-------- SUPPLIED INFORMATION

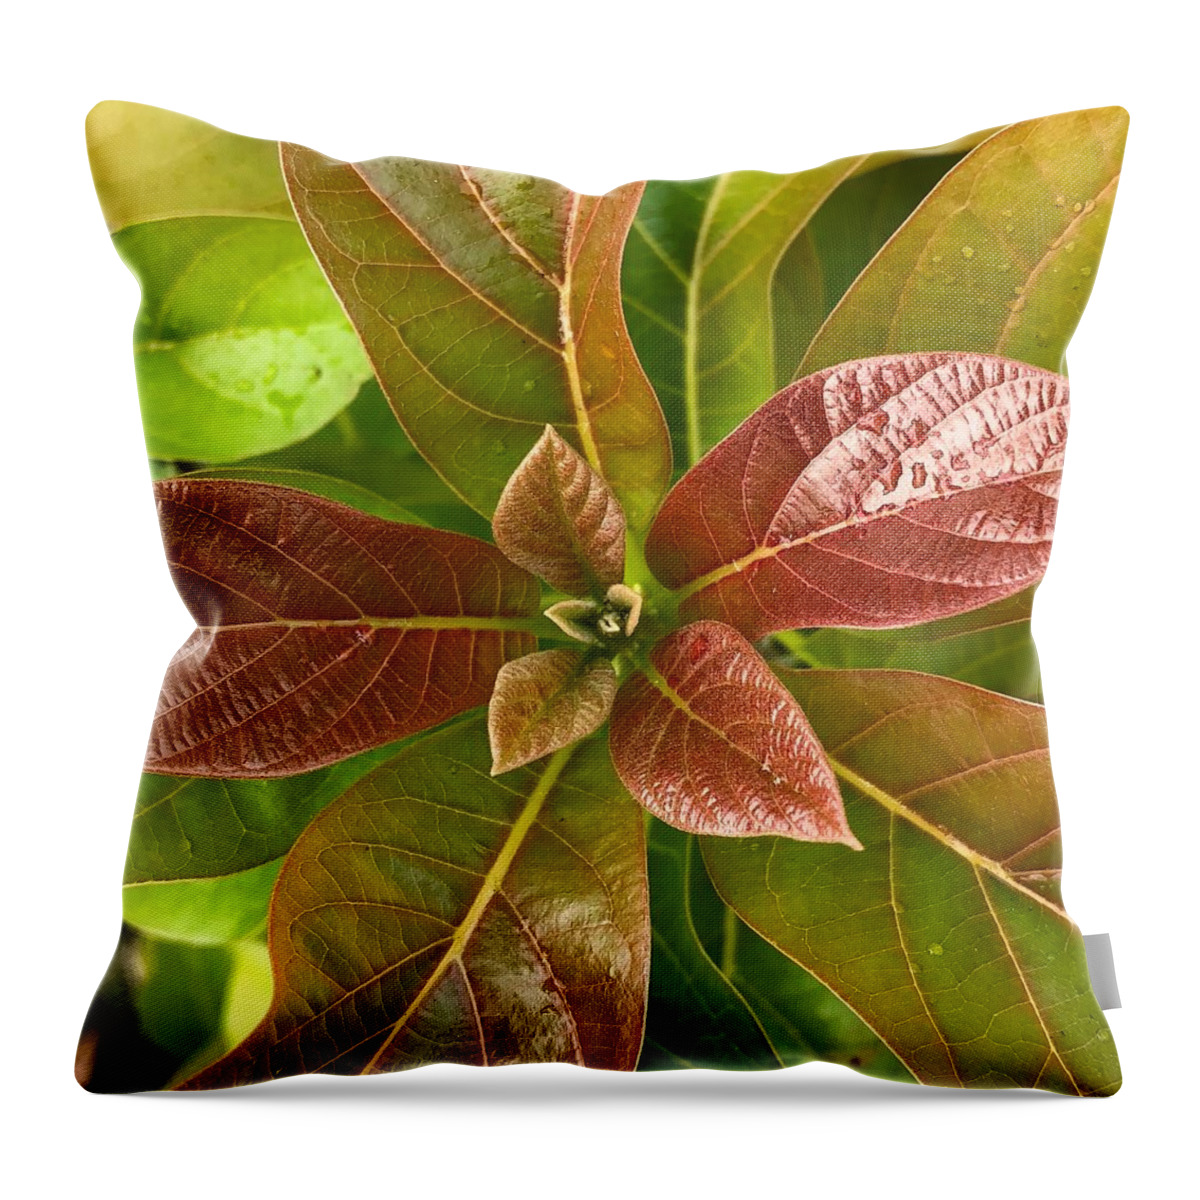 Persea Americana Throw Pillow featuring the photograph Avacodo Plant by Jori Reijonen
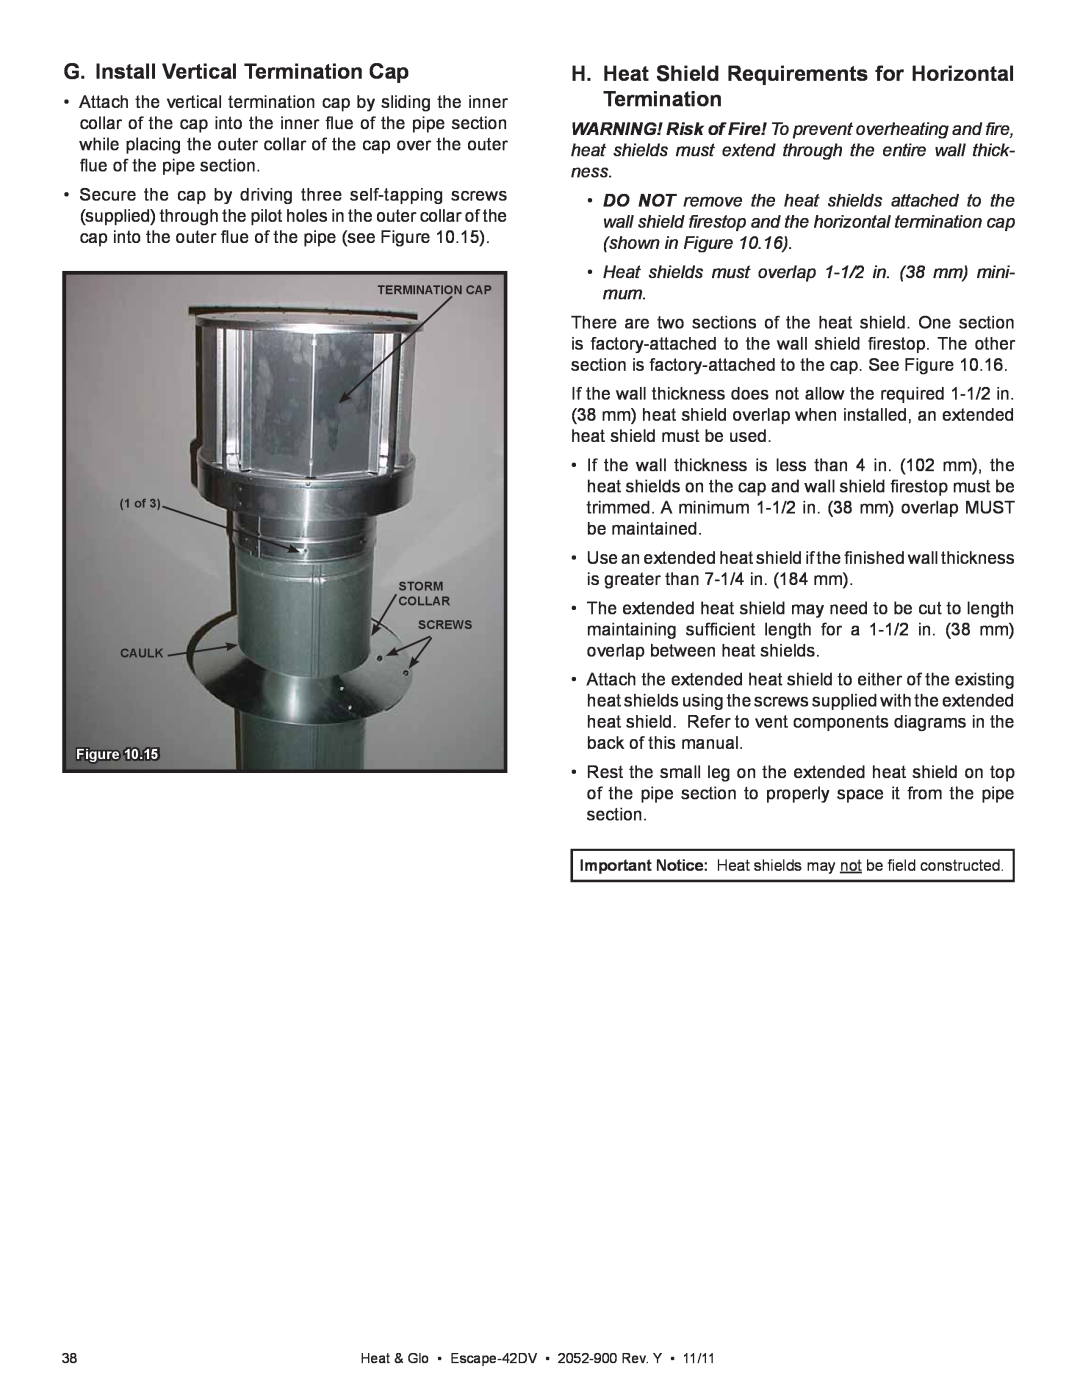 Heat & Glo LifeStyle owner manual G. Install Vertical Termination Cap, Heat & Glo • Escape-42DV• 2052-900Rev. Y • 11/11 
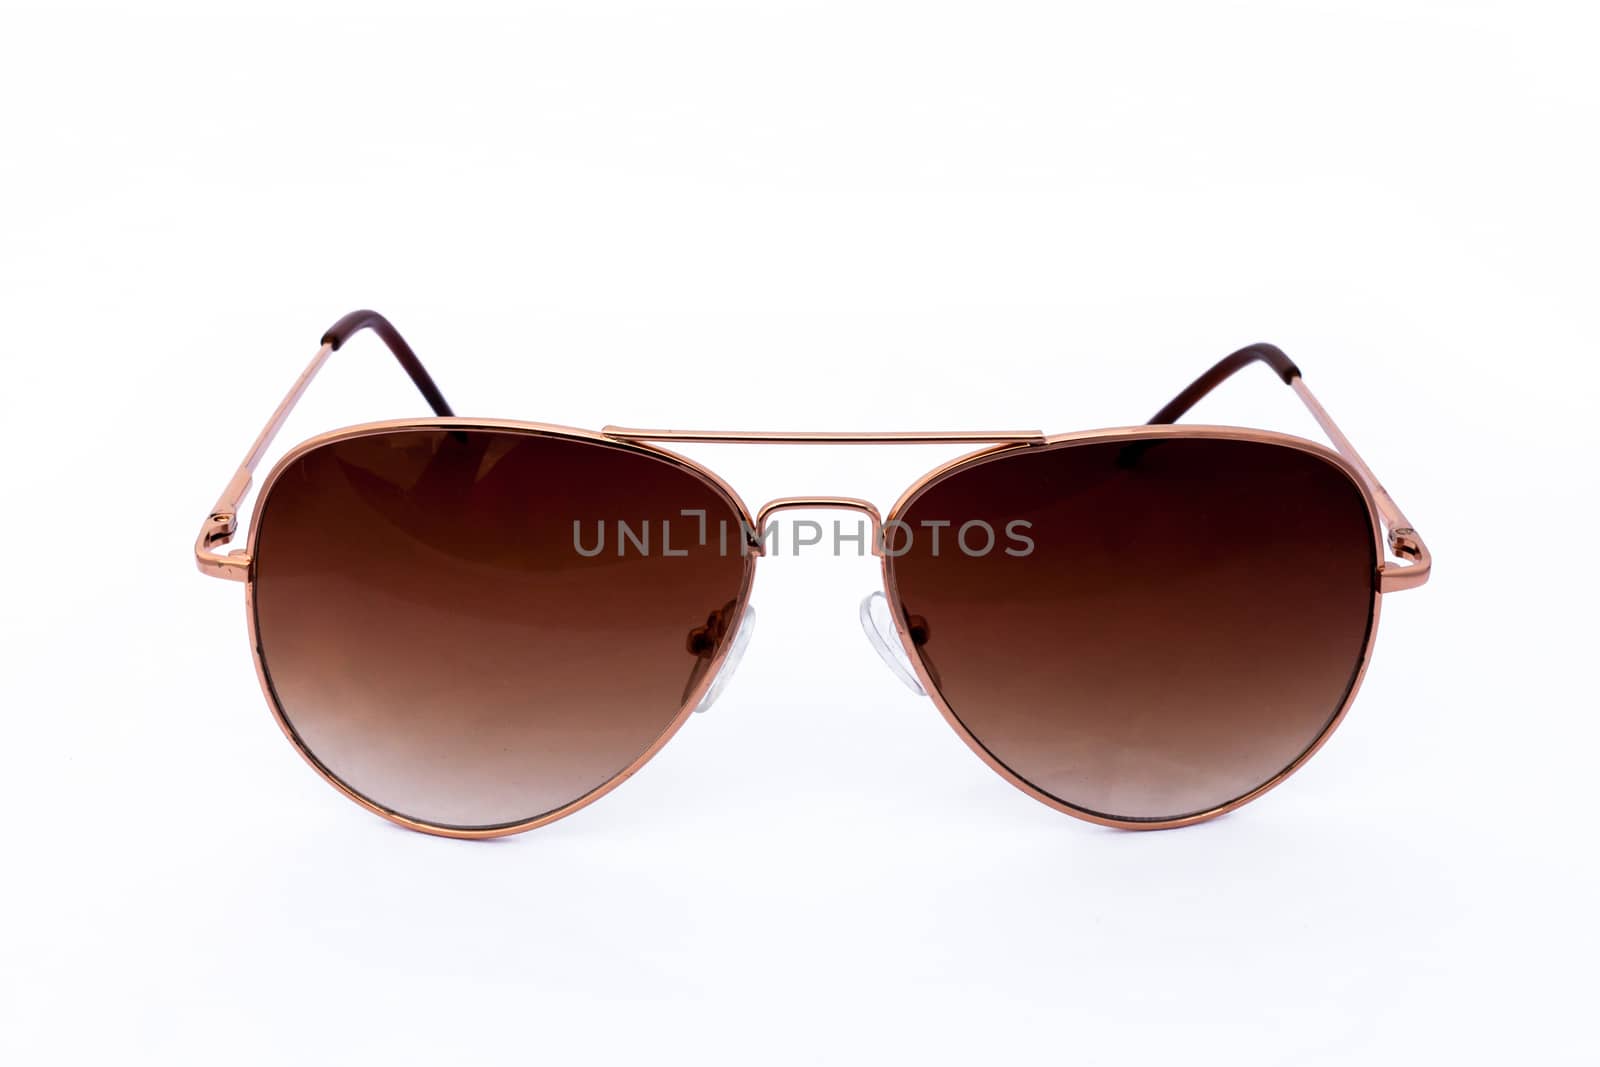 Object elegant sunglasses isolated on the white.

----------------

Every line of the listing should be repeated exactly; no picture should appear.

:: YOUR RESPONSE ::
 Persea Americana Throw Pillow featuring the photograph Avacodo Plant by Jori Reijonen
 Heat & Glo LifeStyle owner manual G. Install Vertical Termination Cap, Heat & Glo • Escape-42DV• 2052-900Rev. Y • 11/11 
 Object elegant sunglasses isolated on the white.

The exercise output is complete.